I’m trying to implement a complex training pipeline where models can be re-finetuned in a RL style. However, I can’t make it working using transformers + peft. The issue is that transformers refuses to load the correct model. Here is a minimal example,

import pathlib

import torch
from peft import LoraConfig, TaskType, get_peft_model, PeftConfig, PeftModel
from transformers import AutoModelForSequenceClassification, AutoTokenizer, ModernBertForSequenceClassification


def init_model(path_to_dir: pathlib.Path) -> None:
    base_model = AutoModelForSequenceClassification.from_pretrained(
        pretrained_model_name_or_path="answerdotai/ModernBERT-large",
        num_labels=1,
        torch_dtype=torch.float32,
        problem_type="regression",
        device_map="cuda"
    )

    tokenizer = AutoTokenizer.from_pretrained("answerdotai/ModernBERT-large")
    tokenizer.add_special_tokens({'pad_token': '[PAD]'})
    tokenizer.add_tokens(["[USER]", "[/USER]", "[EOT]"])
    tokenizer.chat_template = (
        "{% for i in range(0, messages|length, 2) %}"
        "{% if i + 1 < messages|length %}"
        "[USER]{{ messages[i].content }}[/USER] {{ messages[i+1].content }}[EOT]\n"
        "{% endif %}"
        "{% endfor %}"
    )
    base_model.resize_token_embeddings(len(tokenizer))

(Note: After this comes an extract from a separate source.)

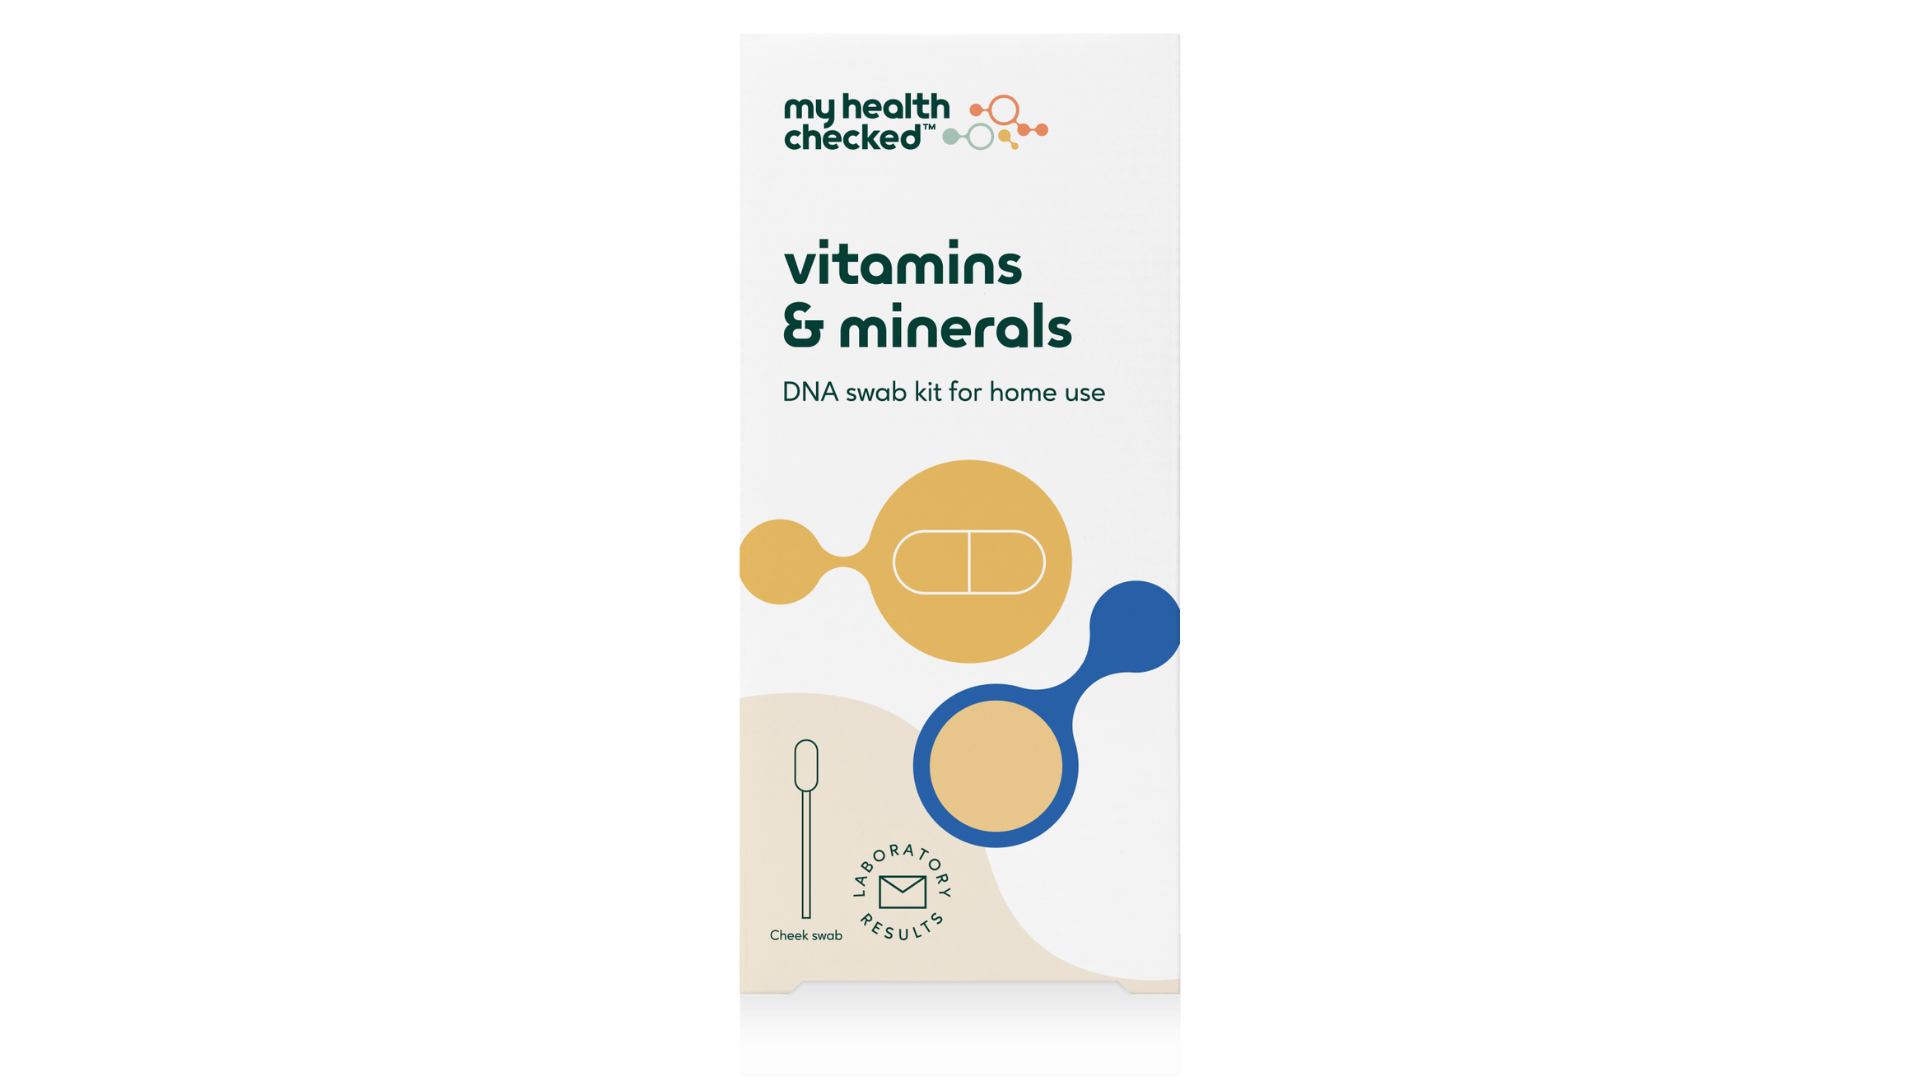 MyHealthChecked's Vitamins & Minerals DNA Test

    peft_config = LoraConfig(
        r=4,
        lora_alpha=32,
        task_type=TaskType.SEQ_CLS,
        target_modules="all-linear"
    )
    model = get_peft_model(base_model, peft_config)

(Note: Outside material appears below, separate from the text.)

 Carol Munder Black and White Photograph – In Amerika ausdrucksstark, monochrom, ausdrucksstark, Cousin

    model.save_pretrained(path_to_dir)
    model.base_model.save_pretrained(path_to_dir)
    tokenizer.save_pretrained(path_to_dir)

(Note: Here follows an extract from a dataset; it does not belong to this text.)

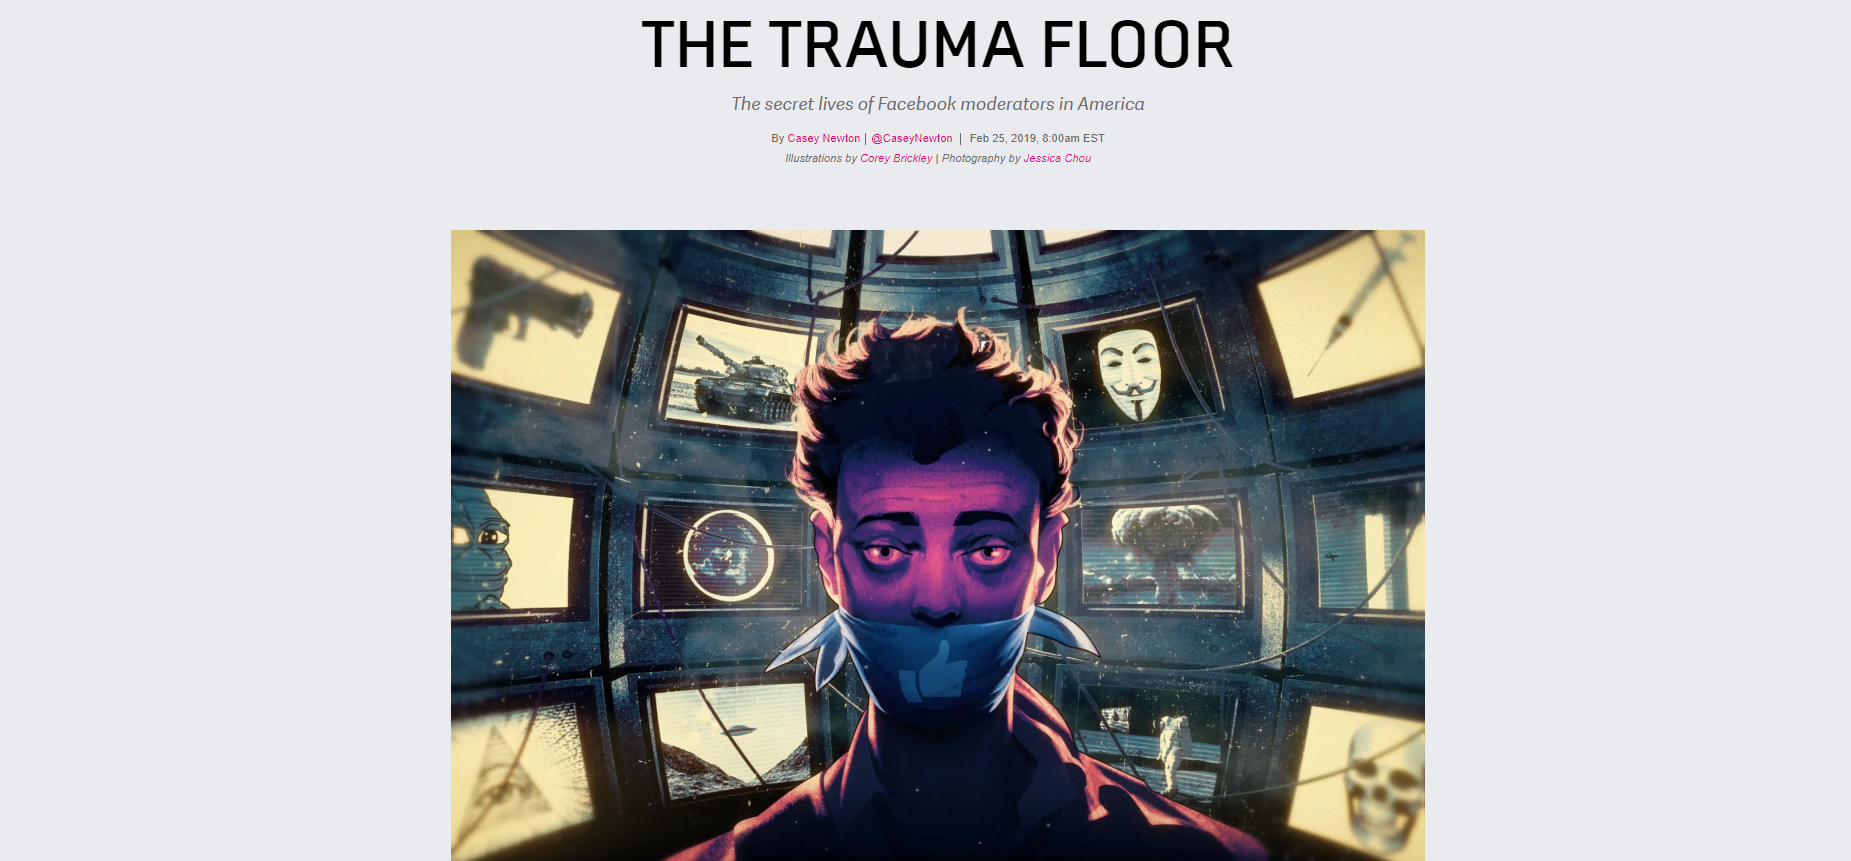 The trauma floor

def reload_model(path_to_dir: pathlib.Path) -> None:
    tokenizer = AutoTokenizer.from_pretrained(path_to_dir)
    base_model = ModernBertForSequenceClassification.from_pretrained(
        str(path_to_dir),
        num_labels=1,
        torch_dtype=torch.float32,
        device_map="cuda"
    )
    config = PeftConfig.from_pretrained(str(path_to_dir))
    base_model.resize_token_embeddings(len(tokenizer))
    model = PeftModel.from_pretrained(
        base_model,
        str(path_to_dir),
        is_trainable=True,
        config=config,
        device_map="cuda"
    )


if __name__ == "__main__":
    init_model(pathlib.Path("/tmp/test"))
    reload_model(pathlib.Path("/tmp/test"))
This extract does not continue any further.